Moreover, the text of the “apology” shows that Bannon isn’t very bright. Why bother looking pathetic and weak if you aren’t even going to do it effectively? He doesn’t even apologize:  he says that he regrets his “delay in responding to the inaccurate reporting regarding Don Jr has diverted attention from the president’s historical accomplishments in the first year of his presidency.”

Ha! I bet he does. But this is a Level 10 apology on the Apology Scale:

An insincere and dishonest apology designed to allow the wrongdoer to escape accountability cheaply, and to deceive his or her victims into forgiveness and trust, so they are vulnerable to future wrongdoing.

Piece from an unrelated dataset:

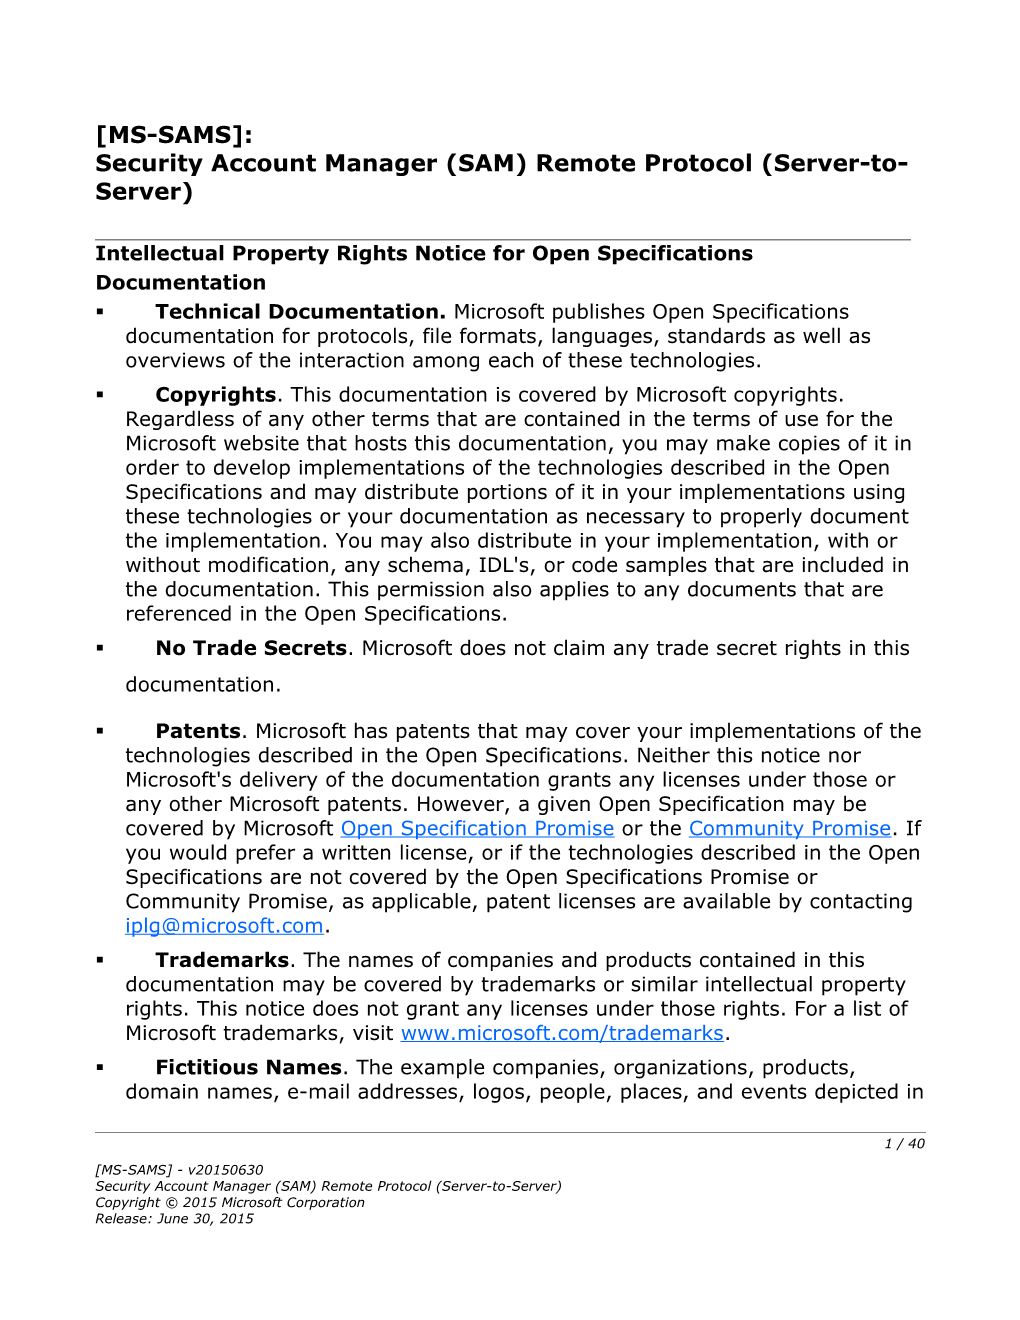 Security Account Manager (SAM) Remote Protocol (Server-To-Server)

3. Is expressing “regret” the same as an apology? Let’s look closely at which mainstream media outlets call Bannon’s statement an “apology.” Axios does. When President Obama was making his so-called “apology tour,” as it was dubbed by the Right, journalists rushed to his defense, arguing that saying in multiple nations that he “regretted” the policies of his predecessors and the past actions of the United States was not the same as apologizing for them.

4. Somewhere, Dan Rather is smiling...I’m putting this in the Warm-Up because, as you may have noticed, yesterday’s posts were dominated by “the resistance’s” Plan E and the news media’s dutiful assist by hyping “Fire and Fury.” Incredibly—yes, I’m an idiot: the degree to which the news media will abandon core journalism ethics if it means bringing Trump down still surprises me–there was little effort on the news shows yesterday to hide the fact that much of Wolff’s book is unreliable,  and that the author admits it. Nonetheless, they reported on the salacious quotes and accounts, debated in panels whether it “proved” the President is disabled, and generally presented the book to the public as fact, not fiction.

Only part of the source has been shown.